[Your goal]: Go to the line in the entries below that holds "В сети показали, какие" and repeat exactly from there through the line that holds "delinear el horizonte", inclusive.

[Supplied material]:
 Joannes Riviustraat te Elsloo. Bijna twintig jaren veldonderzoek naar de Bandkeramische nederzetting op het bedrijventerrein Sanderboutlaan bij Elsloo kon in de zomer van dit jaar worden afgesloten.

...

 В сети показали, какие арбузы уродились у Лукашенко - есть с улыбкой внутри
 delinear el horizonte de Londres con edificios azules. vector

==

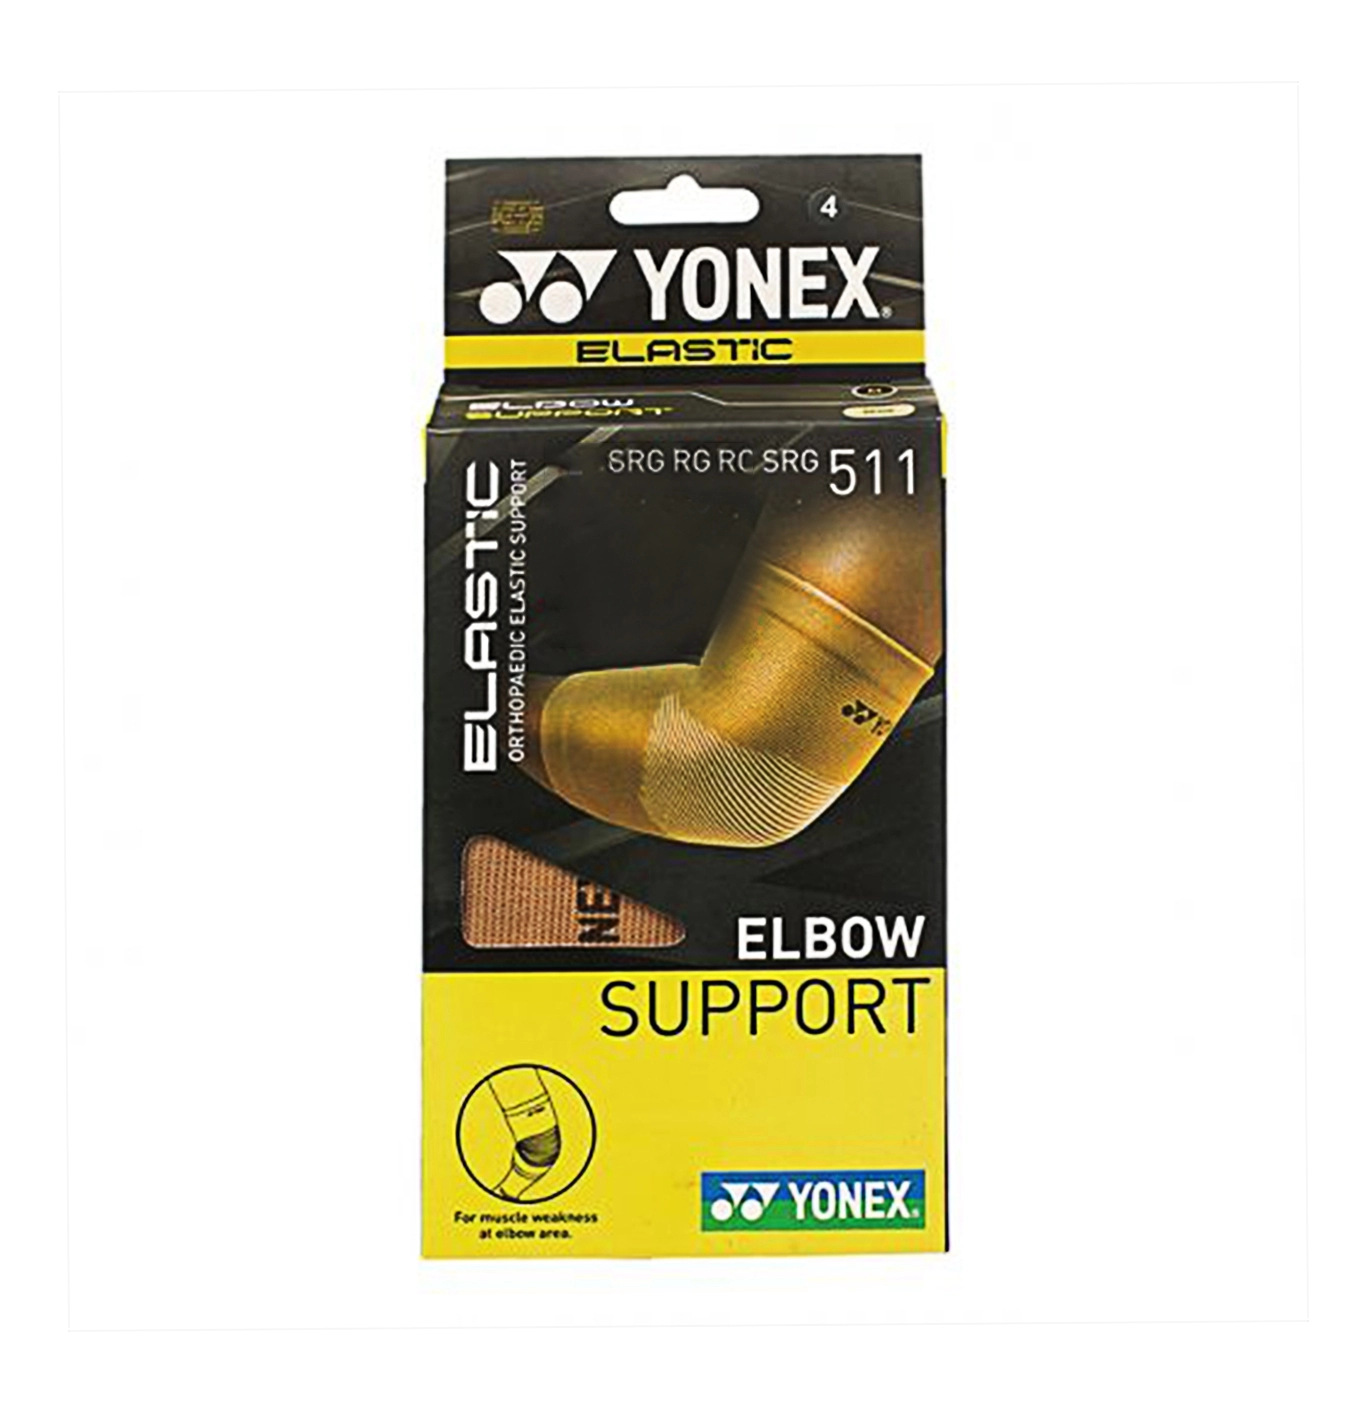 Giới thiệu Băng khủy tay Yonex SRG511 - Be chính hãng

[Response to the task]:
 В сети показали, какие арбузы уродились у Лукашенко - есть с улыбкой внутри
 delinear el horizonte de Londres con edificios azules. vector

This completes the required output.